Alessandro followed moments later, her name wrenched from his throat. She felt his body shudder against hers, felt his arms tighten, felt the heat flare along his skin. No scales this time. The dragon stayed buried.

They collapsed together. Breathing hard. The sheets were still cold.

He pulled her against him immediately, wrapping around her the way he did when things were good, possessive, protective, his chin on top of her head, his arms a fortress. Like this was the ending. Like the sex had been a bridge and now they were on the other side.

But she was still standing in the same place.

The hollow space in her chest (the one where trust used to live, where safety used to be, where she’d kept the certainty that he would hear her when it mattered) the sex hadn’t touched. If anything, the emptiness was more obvious now. Thrown into relief by everything that had just happened around it, the way a hole in a wall is most visible when the rest of the wall is intact.

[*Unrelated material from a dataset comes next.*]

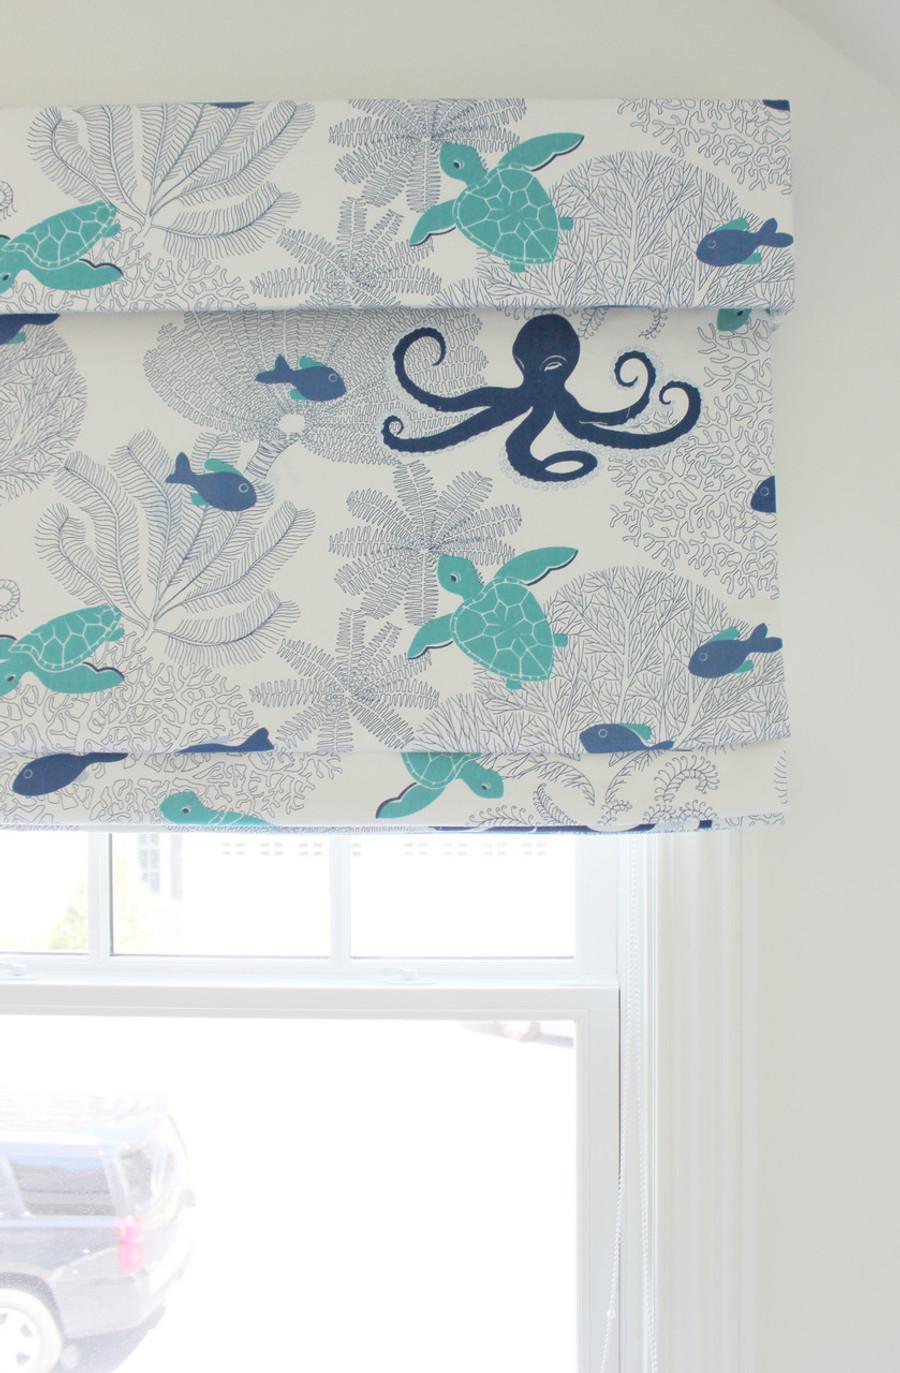 21016-605 Sea Life Duralee Fabric Roman Shade with Valance Boys Room (Toni Gallagher Interiors)

She’d reached for him and found his body and his love and his guilt and his desperate desire to fix things. She’d found everything except the thing she needed.

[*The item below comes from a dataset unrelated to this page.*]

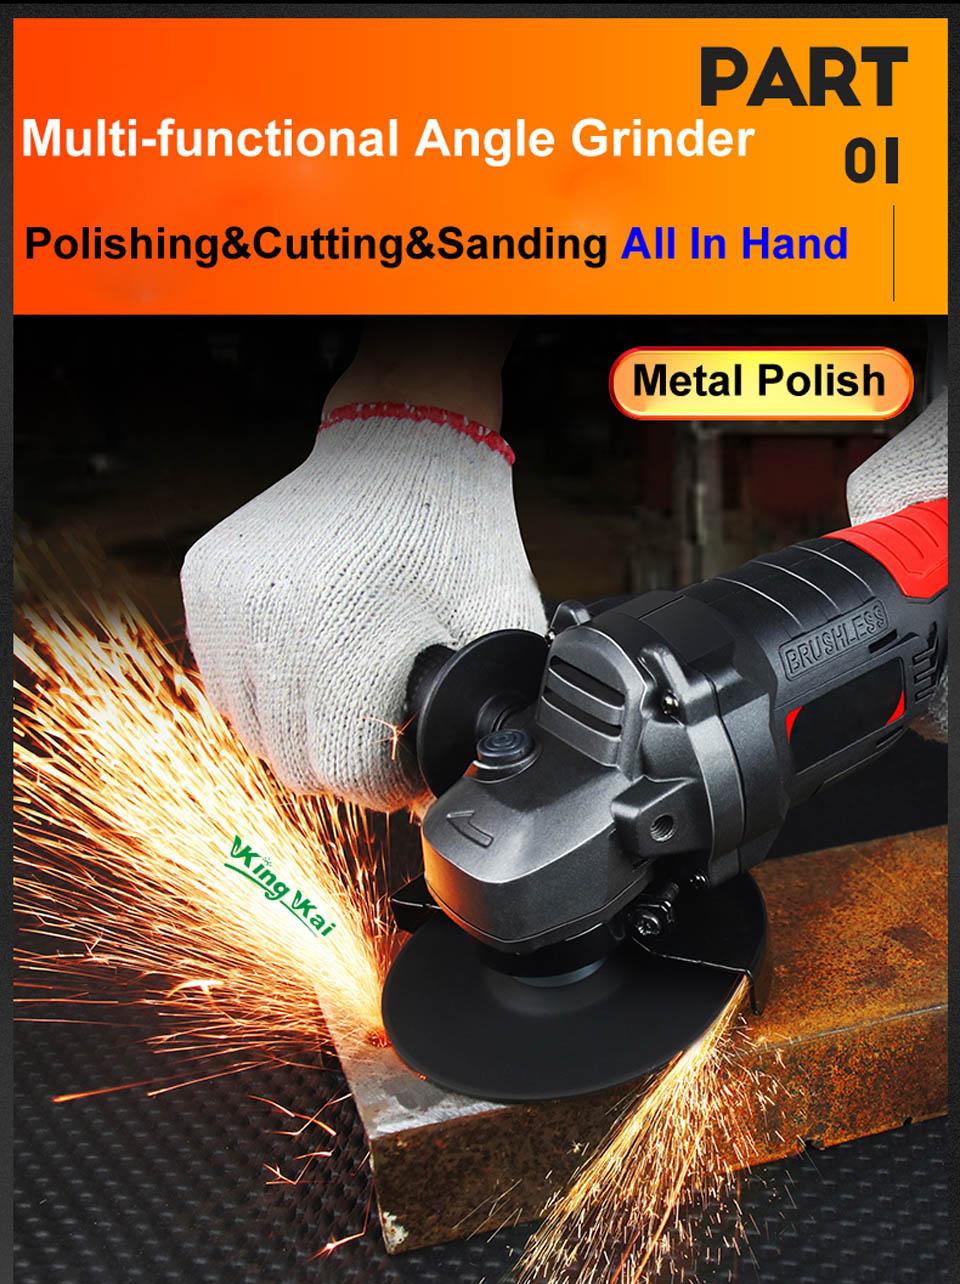 Brushless Cordless Battery Sand Polish Cut Angle Grinder-01 (4)

Just two people in the dark, missing each other completely.

The tears came before she could stop them. Silent at first, just heat behind her eyes and a tightness in her throat. Then her shoulders shook, and the sound leaked out, a small, broken thing she couldn’t swallow back down.

Alessandro went rigid. “Marina? What…”

She couldn’t explain. There were no words for this that wouldn’t sound like blame, and she didn’t want to blame him. She wanted to stop feeling like she was screaming into a room where he only heard the echo.

“I’m fine,” she said, which was so obviously untrue that they both flinched at it.

He didn’t push. He just held her, silent and bewildered, his confusion a dull pressure against the wall she’d built. She could feel him trying to understand, running through possibilities, analyzing. Always analyzing.

She cried until she was empty, and then she stopped, and the silence afterward was worse.

Alessandro held her, bewildered. He’d thought this meant forgiveness; that her body reaching for his was a bridge between them.

But it wasn’t.

She’d been trying to feel close to him again. Trying to recapture the intimacy they’d had before Malachar, before the dismissal, before she’d learned exactly how little her voice mattered when it conflicted with his assumptions.

The physical connection was still there, explosive and undeniable. But trust was missing.

“What’s wrong?” he asked, stroking her hair. “Marina, talk to me.”

She couldn’t explain. Couldn’t find words for the hollow feeling, the realization that love wasn’t always enough.

“I’m tired,” she said instead. “Go to sleep.”